Sermon for Easter Sunday April 17, 2022. St Andrew’s Episcopal Church Madison, CT

Come, Holy Spirit, fill our hearts and kindle in us the fire of your love.

They burst through the door of the upper room, these women… in an instant the room is mayhem as the men leap to their feet, wide-eyed and fearful, wondering if their hiding place has been discovered by the authorities. The story spills out of the women’s mouths, from all of them, all at the same time. "He lives! He is risen!" There is yelling, shouting, arms waiving… shouts for quiet… "shut up! SHUT UP!" "Now… one of you… and ONLY one of you… tell us what happened."

Mary Magdalene breathlessly responds… " the stone was gone, the tomb was open… we went in, but there was no body." The others nod vigorously "yes… completely open… he was gone"… the men shush them, as men do. "Then two men said "he has risen… he told you he would rise on the third day"…

The room erupts in fury… shouting and disbelief, "impossible! What men?!" The other women join the shouting, affirming Mary’s report, adding their own details. The argument swells… it flows back and fourth as each side has it’s say… it sounds like a tornado, like driving rain, like waves crashing on the shore and ebbing back to sea.


Peter… holds back on the edge of the room; silent… watching… listening. He remembered what Jesus said to them when Mary mentioned it… he DID say that, that he would be crucified and would rise again. As the shouting men converge on disbelief, Peter converges on doubt. It’s not the women he is doubting; it is the men.

Doubt feels like weakness to him, like something he should be ashamed of, and this in a man who already buried in deep shame… shame that has covered him like a shroud since the dark morning hours of Friday when he denied knowing Jesus, and then ran away in tears. And now, all the men in this room are coming to the only conclusion that they possibly can, that these women are lying and unreliable, that their reports are impossible and evil even to utter. There is rising anger in the room.

But not in Peter… in him, doubt gnaws and chews… it feels like a mistake… like he’s turning to the right while everyone else has already turned left… all that he thinks he knows about death is frittering away before his eyes… he can’t reconcile what he-thinks-he-knows about death with the thing he knows about THESE women. He KNOWS them… he has walked all over Judea with them and with Jesus. He knows their HEARTS… he TRUSTS their hearts. Peter searches for familiar ground to stand on, but there is none.

And then, he comes to himself… he gathers his courage, because courage is the fruit of doubt. Peter feels that courage fill his heart, kindled like fire… he stands up and moves for the door… the room quiets into silence and every eye is on him… Peter doesn’t hear or notice. Instead, he opens the door and runs… he RUNS to the tomb.

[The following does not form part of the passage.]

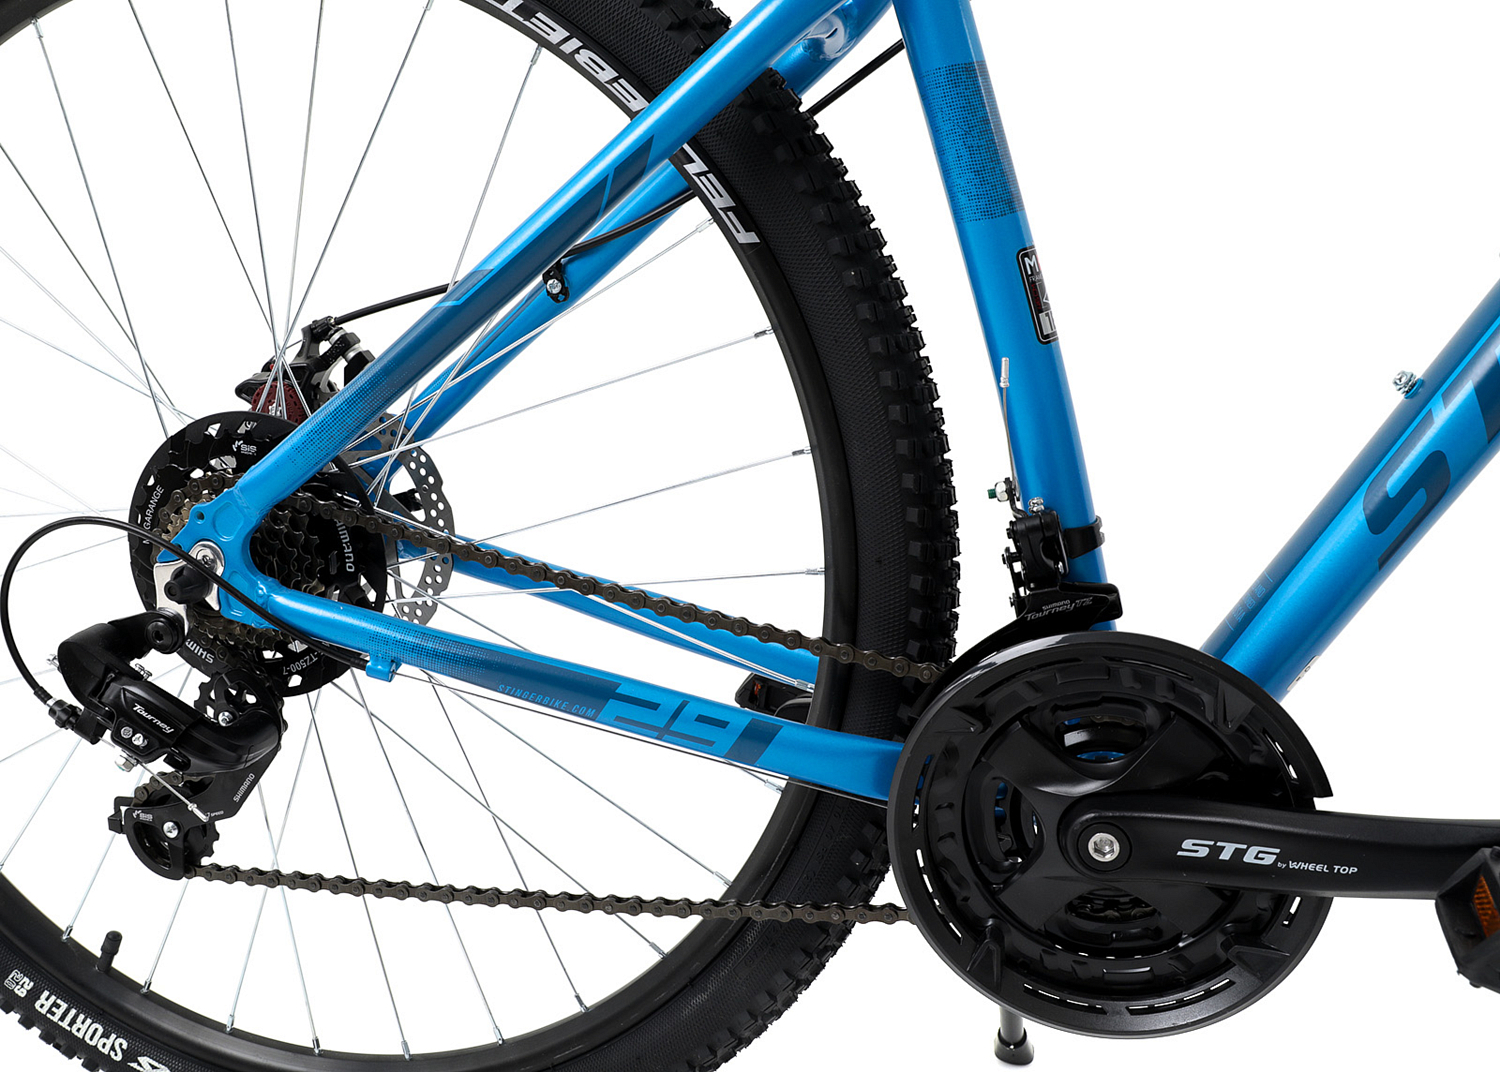 Велосипед Stinger Element Evo 29 Синий

By the time he emerges from the empty tomb with its linen cloths scattered about, doubt has given way to amazement. He still feels unsteady… but now, instead of feeling like a mistake has been made or a wrong turn taken, amazement feels like new life, new creation, new possibility… and a lot of new questions.

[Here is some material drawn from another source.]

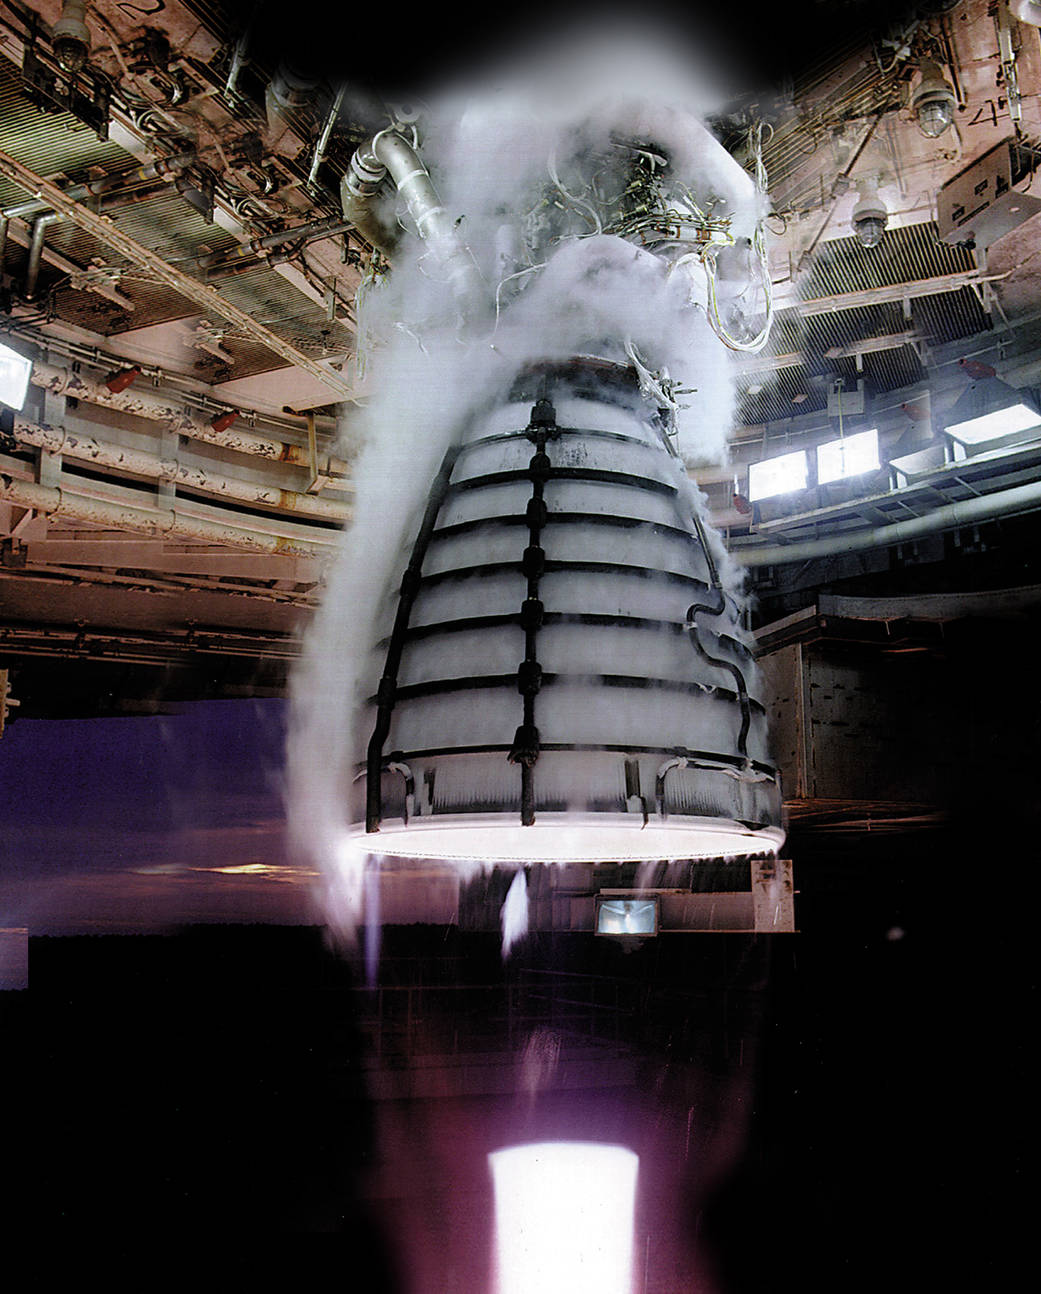 An RS-25 engine undergoes a hot-fire test.

What does it mean, he wonders, if Jesus is risen from the dead… wouldn’t it mean that God is stronger than death? And if Jesus is alive, doesn’t that mean that God is still with us? And if Jesus is raised from the dead, and there is no doubt that he was thoroughly dead, will we also be raised from our own deaths into new bodies? If this is so, everything has changed, but he doesn’t know what that even means. All he knows is that maybe, just maybe, the world in on an amazing new path, and that he has work to do on it.

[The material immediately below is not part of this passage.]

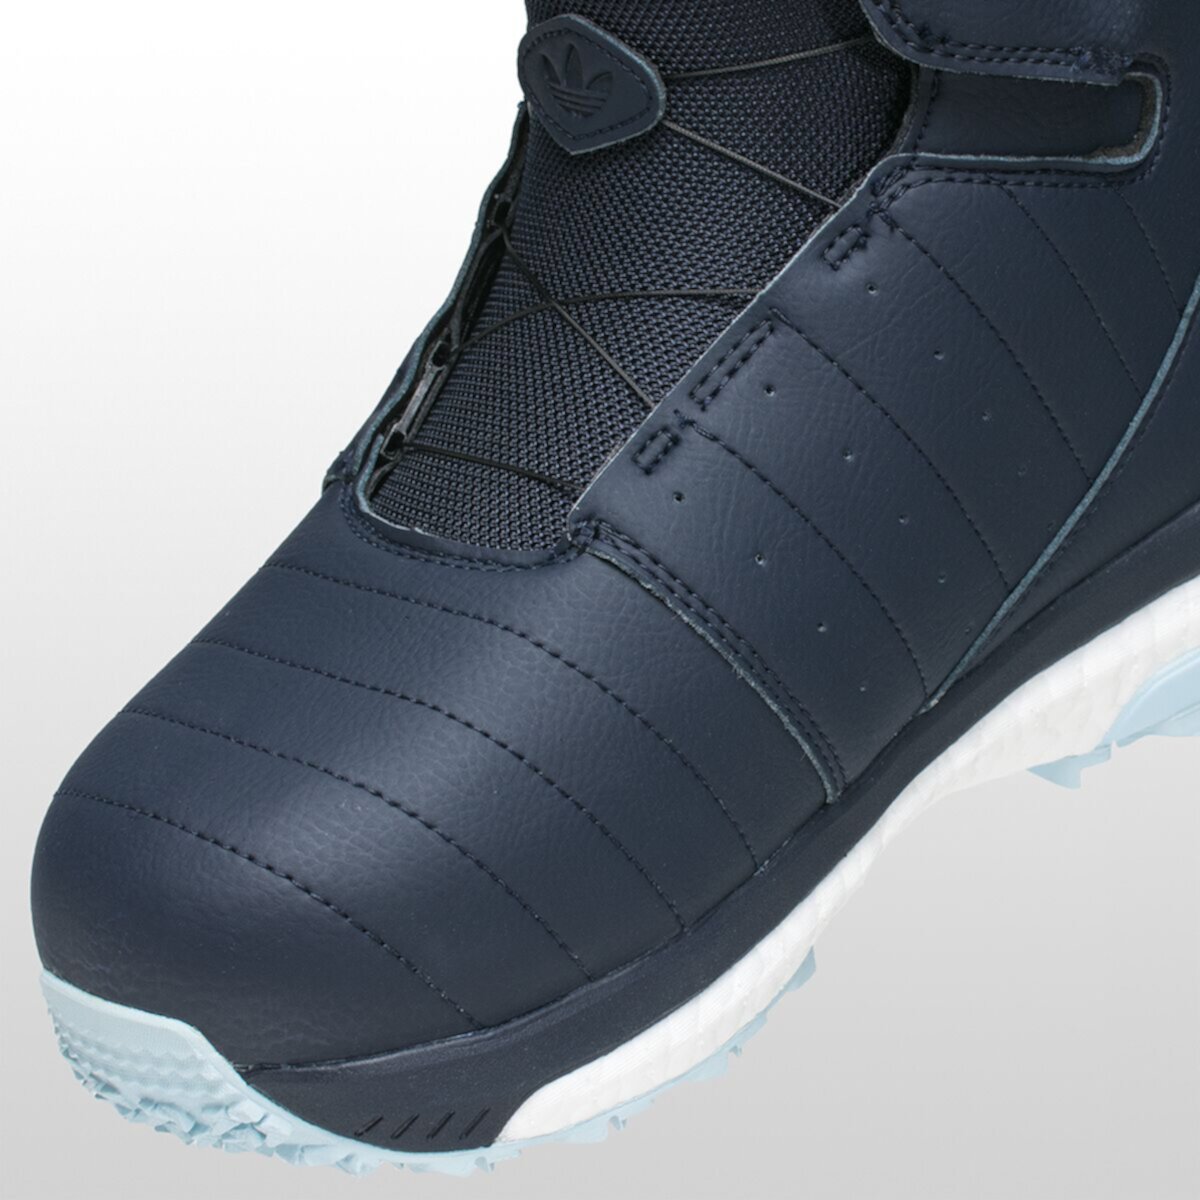 Ботинки для сноуборда Adidas Acerra 3ST ADV Adidas

Doubt about where the world is going… courage to let that doubt kindle like fire and send us running… amazement at the new possibilities. These are the emotions at the heart of Easter morning.

Let those emotions kindle in you. Is war in Ukraine the path we should be on? Can we afford to wait and see about climate change? Does the conflict and violence of our political parties really offer hope for America and for the world? Are the reports of Black and Brown and indigenous people reliable about their experience of white supremacy? Do we really have to politicize COVID?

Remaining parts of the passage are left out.